On the other hand, labor leaders know what, under the Sherman Act, they can not do. They cannot enter into combinations that restrain trade. This vital point has been settled in several important proceedings—those involving the Chicago disturbances in 1894, and, more recently the decision just handed down in the matter of the Danbury Hatters. These cases so clearly show the bearing of the Sherman Act upon illegal labor practices, that they may profitably be reviewed here.

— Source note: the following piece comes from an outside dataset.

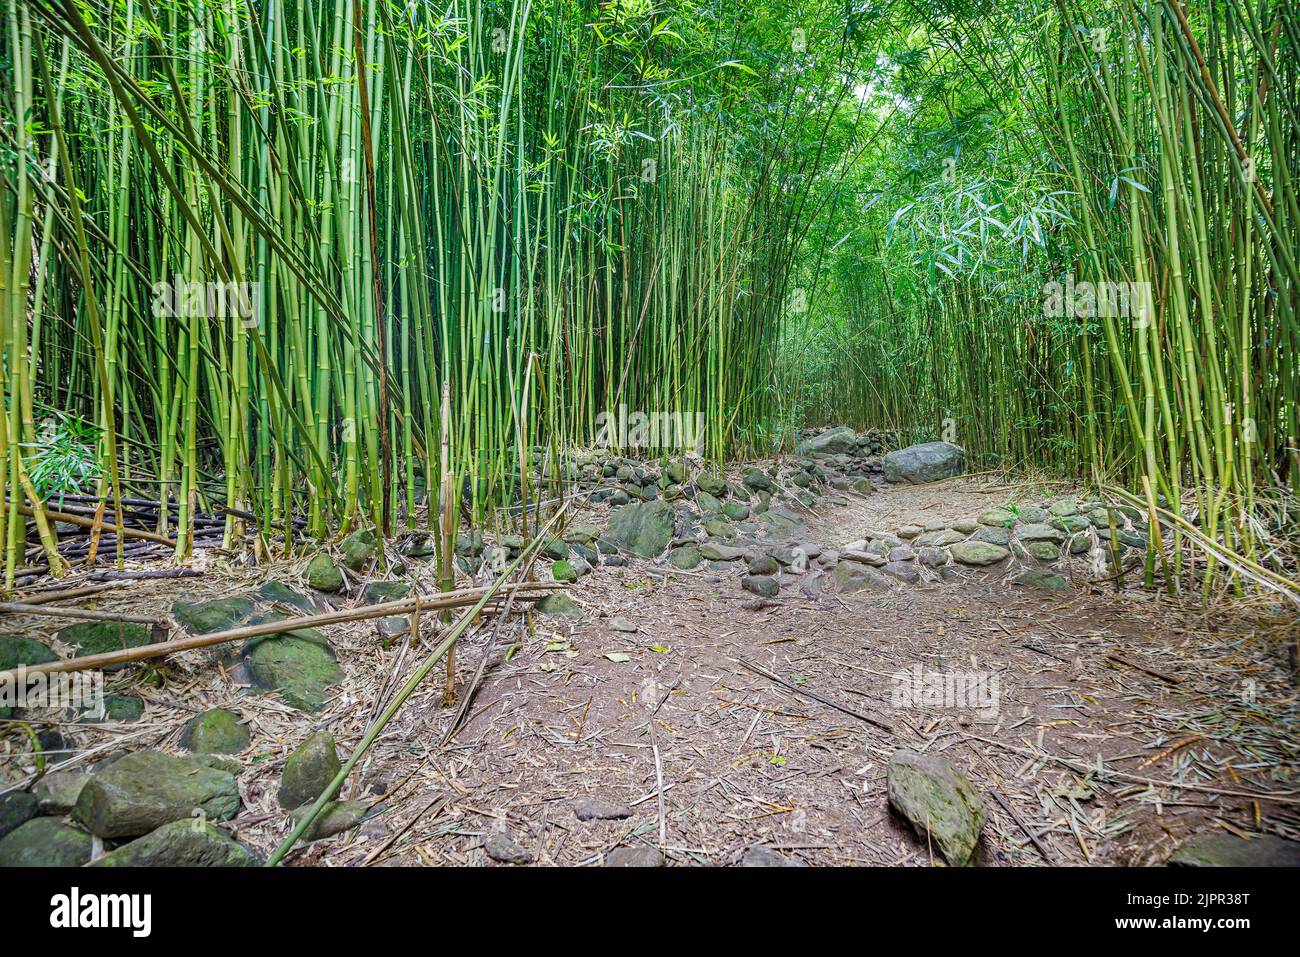 Este bosque de bambú ha crecido alrededor de las paredes de un antiguo pueblo hawaiano en las montañas del oeste de Maui, Hawai. Foto de stock

In 1894 the employees of the Pullman Palace Car Company of Chicago struck for higher wages. These employees were not railway men; they were workmen engaged in the manufacture of railway cars. In spite of this, about four thousand had been admitted to membership in the American Railway Union, an organization of railroad operatives, which, under the vigorous management of Eugene V. Debs, had acquired a membership of 250,000, and a correspondingly great power in the field of railroad labor. In order to help the Pullman workmen in their struggle with the Pullman Company, the American Railway Union declared what was in effect a boycott upon all railroads using Pullman cars. Nearly all the larger American railroads had entered into contracts with the Pullman Company, by which parlor and sleeping cars were to be used on their trains. Debs now demanded that these railroads should break their contracts, and thereby, of course, become responsible for heavy damages to the Pullman Company. In other words, he demanded that all American railroads cease patronizing the Pullman Company because of its "unfair" attitude toward union labor; that is, he started a boycott against the Pullman Company. When the railroad companies refused to meet his demand, he ordered out all American Railway Union men employed on these lines. He even declared war upon several of the Vanderbilt roads, which had no Pullman sleepers, operating instead the Wagner cars. In effect, in order that several thousand workmen in Chicago might profitably settle their private grievances with their employers, Debs proposed, practically to end railroad communication in the larger part of the United States.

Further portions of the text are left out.